# Muzzleloader Bullets



## Fig Newton (Oct 4, 2010)

What muzzle loader bullets do you guys use? I am looking for feedback from your experiece with actually shooting deer with them. Bloodtrails, expansion..etc...

I am trying to decide what bullet to use on my Kansas ML hunt next month.

Thanks,

Sam


----------



## countryjwh (Nov 20, 2007)

Shock waves


----------



## Richard J. (Jun 7, 2010)

Depens on what type of muzzleloader you are talking about. I have hunted with a flintlock rifle and pistol all my life, and I am not young. I use roundball. Now if you are talking in-line then I would recommend Hornady new FFB and it doesnt need a sabot. Have also used there SST-ML and really like it also. I use three pellets of triple 7 with these loads. Do not like the power belt bullets. They seem to hard to load but that is just me.

RJ


----------



## Capn Hook (Jan 9, 2012)

Parker Hydrashocks, total devastation!!


----------



## Fig Newton (Oct 4, 2010)

I am using an inline with 209 primers. CVA accura v2


----------



## bobinbusan (Feb 16, 2010)

If you haven't started, then you need to get an assortment and start shooting that thing, see which one will shoot the best group for you, practice and more practice and then get yourself a BIG O BUCK.
GOOD LUCK ON YOUR HUNTING TRIP :thumbsup: :thumbsup: :thumbsup: :thumbsup: :thumbsup: :thumbsup:


----------



## Joraca (Dec 29, 2007)

shockwave with two pellets of 777, 209 primer

Joraca


----------



## timc (Oct 19, 2009)

Was that you at Santa Rosa Shooting Center yesterday sighting in the muzzleloader? If so, I was next to you with the lever action before the storm came in.


----------



## Fig Newton (Oct 4, 2010)

Yeah, that was me at the santa rosa shooting range yesterday. Those aerolites shot good but read bad performqnce reviews about them on the internet....no blood trails...etc...


----------



## timc (Oct 19, 2009)

Ever get a good grouping out of it?


----------



## Cracker (May 15, 2012)

Shockwave


----------



## VA Boy (Feb 19, 2012)

Powerbelt hollow point, .45 cal, 145 gr. Flew right through with nice exit wound. Deer dropped within 40 yds. Bullet not recovered so I can't speak about expansion. I know several dont care for Powerbelts, but after the struggle with and then miserable performance of sabots, I switched. Shot T/C Maxihunters for the longest time. Had great success with those. Tried the Powerbelts. They loaded easy, grouped out to 100 yds and performed well on deer.


----------



## Fig Newton (Oct 4, 2010)

The powerbelt aerolites grouped 1" @50 yards and about 3"@100 yards. I am going to try out the hornady sst 250 grain this Friday.
Thanks for all the feedback.


----------



## baldona523 (Mar 2, 2008)

I shoot Hornady 300 Gr .452 XTP, they also make it in 250s. I buy the Sabots from MMP online, but I also shoot a Savage muzzleloader with smokeless powder. Just remember that more powder means faster but not always more accurate. 
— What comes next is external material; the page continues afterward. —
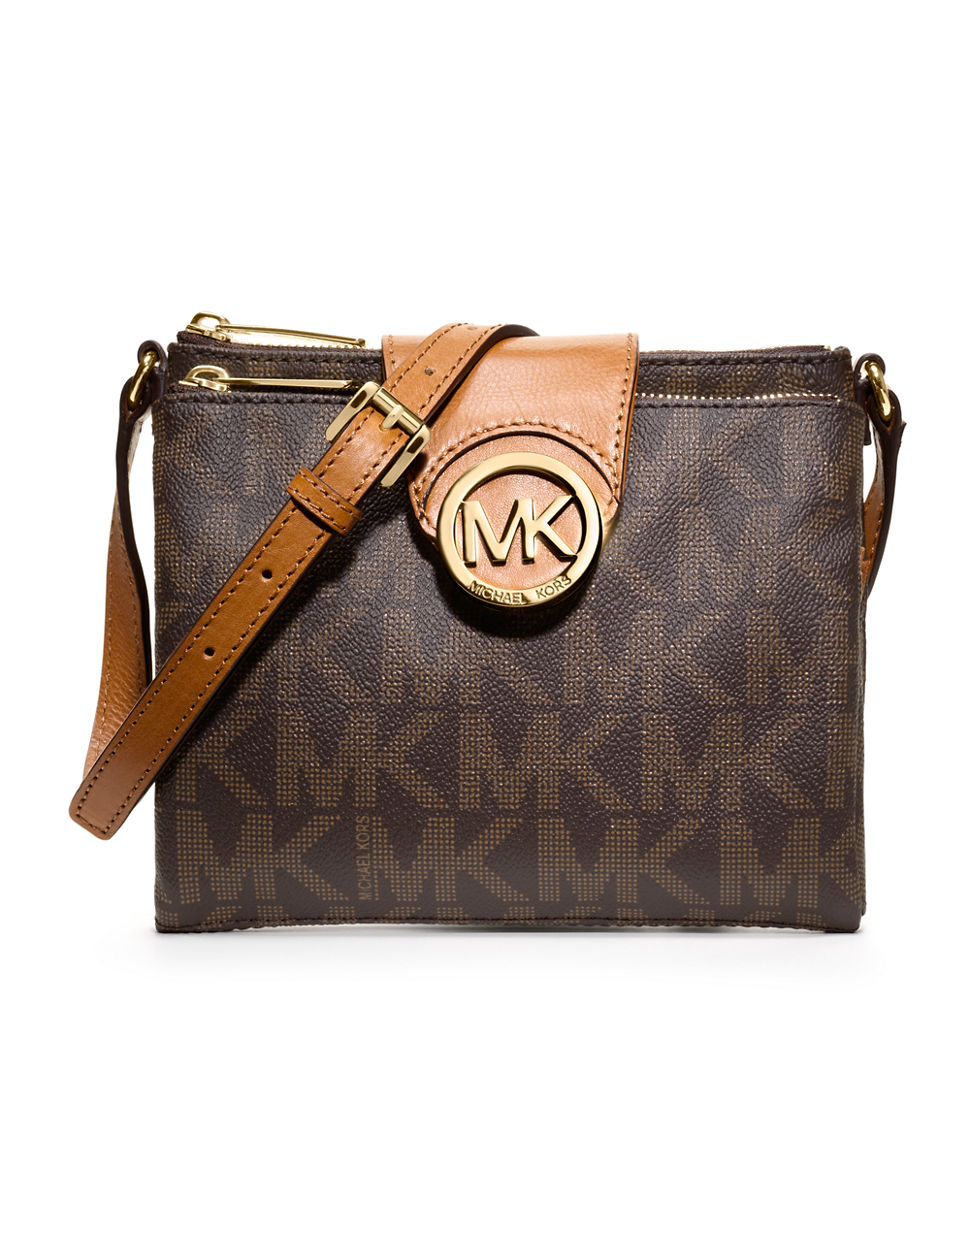 Lyst - Michael michael kors Fulton Small Saffiano Leather Messenger in Brown

Blood is not an accurate determination of a good bullet to me, just way too many variables and guys will switch bullets after little blood after 1 or 2 deer. If you double lung a deer with a 250 gr+ bullet it is not going far.


----------



## Tippin Slow (Nov 21, 2007)

I like to do a very good cleaning between every shot. Accuracy requires consistent barrel conditions with muzzleloaders. The 250gr Hornady SST on top of two triple7's works well for me. (I think the Shockwave is the same bullet as the Hornady SST)


----------



## Fig Newton (Oct 4, 2010)

Keep the suggestions coming.


----------



## baldona523 (Mar 2, 2008)

I don't know for certain, but I am pretty sure that Hornady and one or 2 other companies make most of the bullets and they are just repackaged under different names. If you look a lot of them look identical with just different colored tips and what not. 

Some guns shoot better with bullets that are flat backed, others with bullets that are boat tailed. I would recommend to at least shoot both shapes out of your gun.

I agree with above, you really need to clean your bore after every shot and certainly after every 2 shots. I think most muzzleloader bullets are made similar to pistol bullets in that it takes less energy to mushroom them. Therefore 2 pellets at 150 yards is plenty of momentum for the bullet to effectively do its job. The 3 pellet thing is only for speed, which again is great if it is accurate. But not a necessity by any means if it hurts your accuracy.


----------



## Fig Newton (Oct 4, 2010)

Thanks everbody.


----------